Are near naked avatar ladies allowed tho :lol: :wink: :lol:


----------



## jammyd

TT51 said:


> jammyd said:
> 
> 
> 
> I swear, I admit it, but I have a few simple rules to it...
> 
> a) not in front of my parents/grandparents
> b) not in front of kids
> c) not in front of customers
> d) not to people I do not know, this includes most people here
> 
> come on guys/gals we are not Neanderthals are we?
> 
> now go deliberate with yourselves :roll:
> 
> 
> 
> Are near naked avatar ladies allowed tho :lol: :wink: :lol:
Click to expand...

Are they naked though? or is it cold?


----------



## gazzerb

looks bloody cold and they are some tight tops :wink:


----------



## TT51

They are ok as they do not have any * or # or $ covering any of the good bits :wink:


----------



## jammyd

qooqiiu said:


> SO NEM are you big enough to accept that you have totally misjudged the feelings of the majority?
> 
> Perhaps a poll? (un rigged of coarse) - But this would mean that the forum is some kind of democracy where we as we know its more of a dictatorship.
> 
> I'm also offended by the patronising tone of this thread.
> A "global announcement" How incredibly pompous :!:
> 
> We all know that swearing is ment to be reserved for the Flame room. If there are persistent rule breakers then all that is needed is a gentle PM reminding them. That's all.
> 
> But really, staring out words is not acceptable in NEMs world. :? Anagrams of swear words is not acceptable either :? How about abbreviations? are they unacceptable too? FFS is this to be banned also?
> 
> If you do go ahead with this ludacris moral crusade you need to be dam clear what is and isnt acceptable.
> 
> For example, would the following be "acceptable" to you NEM?
> 
> bloody?
> piss?
> bugger?
> bitch?
> crap?
> 
> This is a serious question. We all need to know just how delicate you are.

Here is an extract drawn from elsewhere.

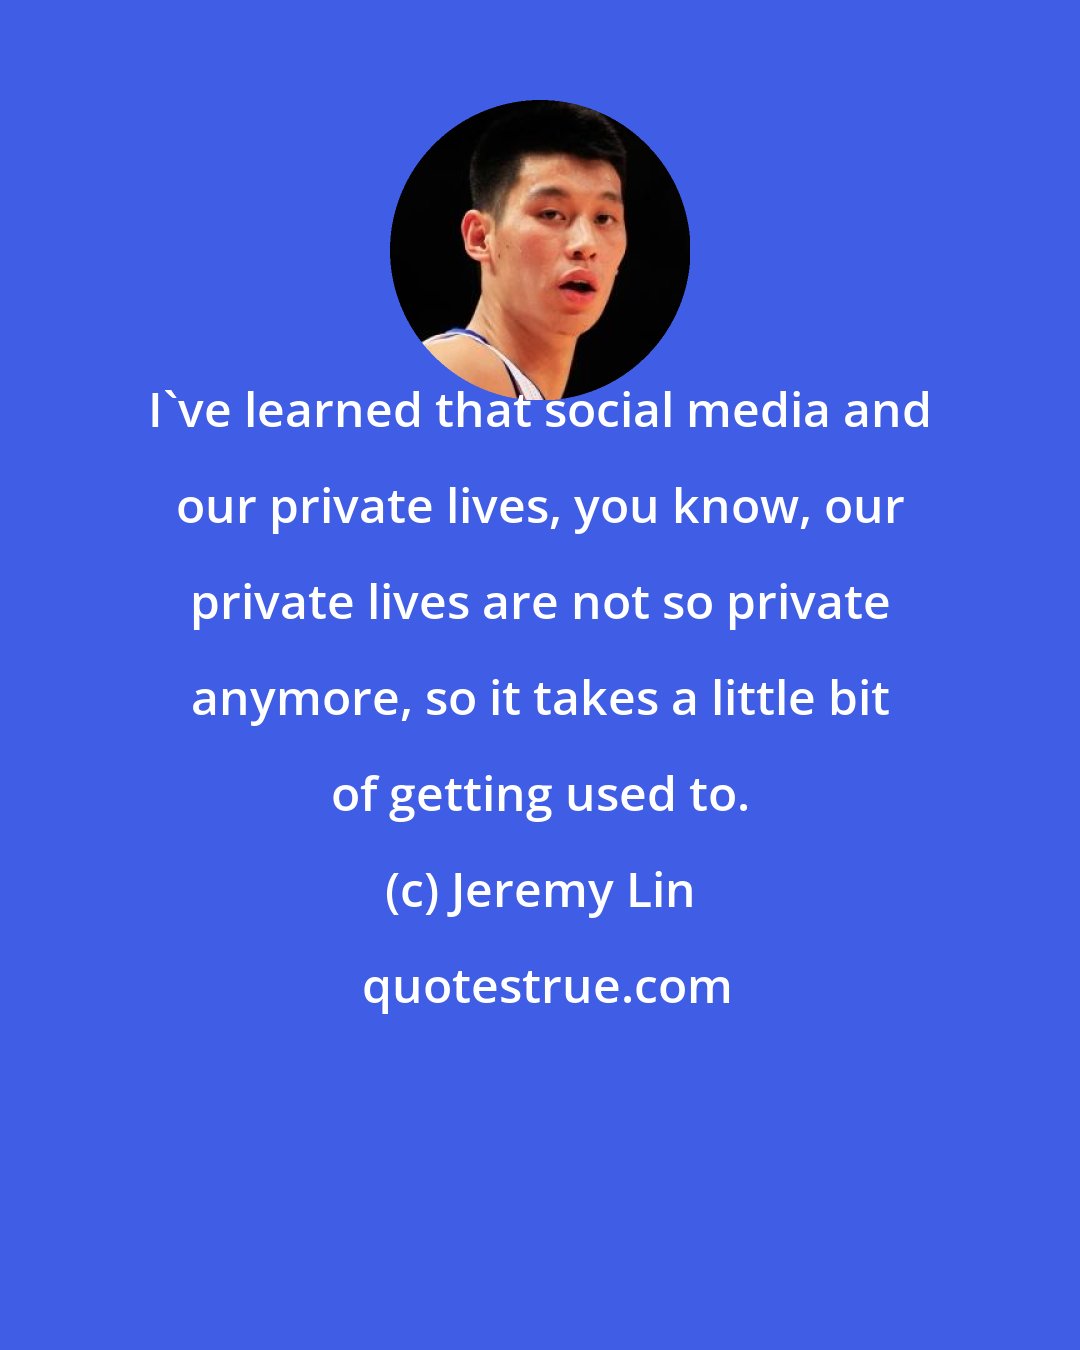 Jeremy Lin: I've learned that social media and our private lives, you know, our private lives are not so private anymore, so it takes a little bit of getting used to.
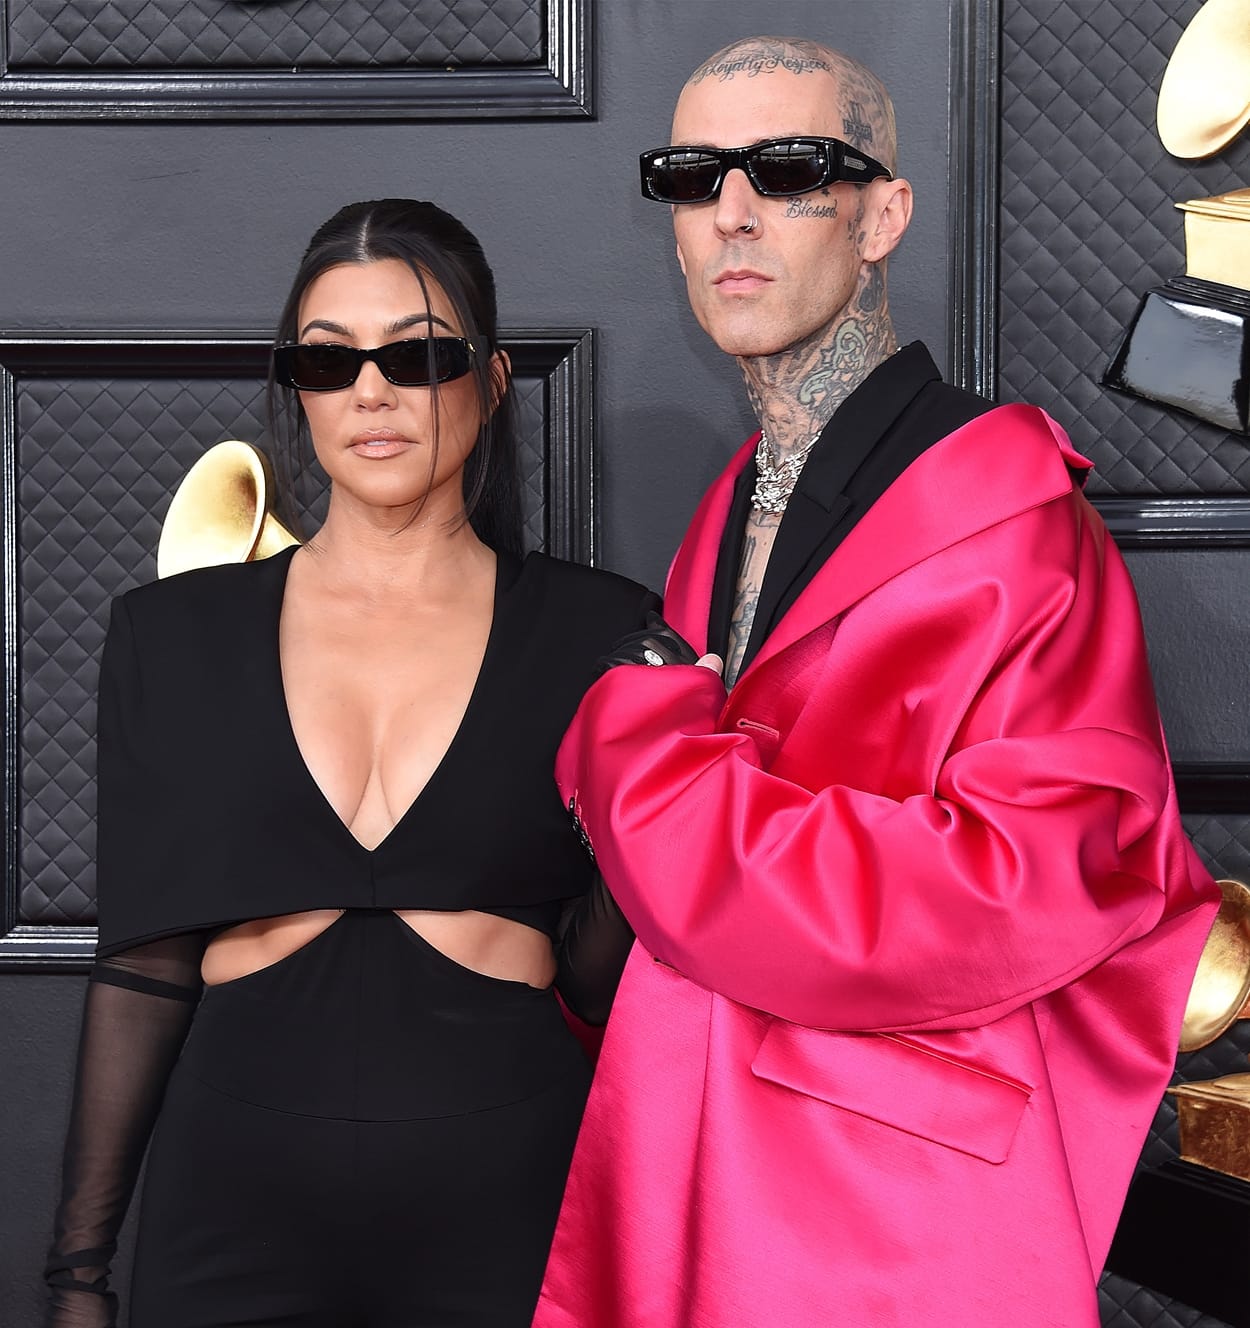 Kourtney Kardashian and Travis Barker legally married on May 15, 2022, at the downtown courthouse in Santa Barbara

I really am not sure what your problem is, I think you are using this swearing thing as a platform to launch a very personal attack against NEM. I for one agree with the original post. I think we have let the swearing slip and I think I can speak for all the Mod's that we will be looking to take steps to reduce the swearing going on. I really do not think your comments are acceptable at all. if you do not agree with the nature of the post then so be it.

From looking at the number of responses to this, I think it is evenly spread in terms of agreement and disagreement. If you want a poll on this feel free to.

What do you want us to do though? shall we place all words considers to be swear words on a no go list such as the C word which gets changed automatically to doodah? Or shall we allow the freedom of speech which we have been doing but with the proviso that people use common sense and courtesy which we would all expect.

I want to make it clear this is nothing to do with being PC, it is about a polite society, where we all should be able to use the English language to its full capability and complexity. I for one will be doing a lot more to make sure my use of language is more appropriate.

Thanks Jammyd


----------



## KammyTT

qooqiiu said:


> I sincerely hope this is some late April fools joke. You cant swear. You cant even blank out letters! How ridiculous.!!
> 
> What church do you attend St NEM? Are you auditioning for the Board of British film classification?
> 
> If swearing affects you so profoundly then i suggest you turn your computer off and hibernate from the outside world. You child!
> 
> I, and i think most people who spot an expletive just ignore it and move on.
> 
> Don't impose your own prudish rules on the majority (us normal people)
> 
> This is the members forum not yours! You'd do well to remember that!


mate get a bloody grip!!! there should be no swearing on the forum end of story!

no need to get personal with nick :? :?

i think the for sale section changes are a crazy idea but i would never go off on one (might make my point heard more than needed though) :roll:


----------



## MonTheFish

As someone who can no longer access the forum during his lunch break thanks to some kind soul mouthing off in a non-flame room thread, it's all a bit late for me. The freedom of speech you talk about sure did kill the freedom I had to read the forum in my own time at work.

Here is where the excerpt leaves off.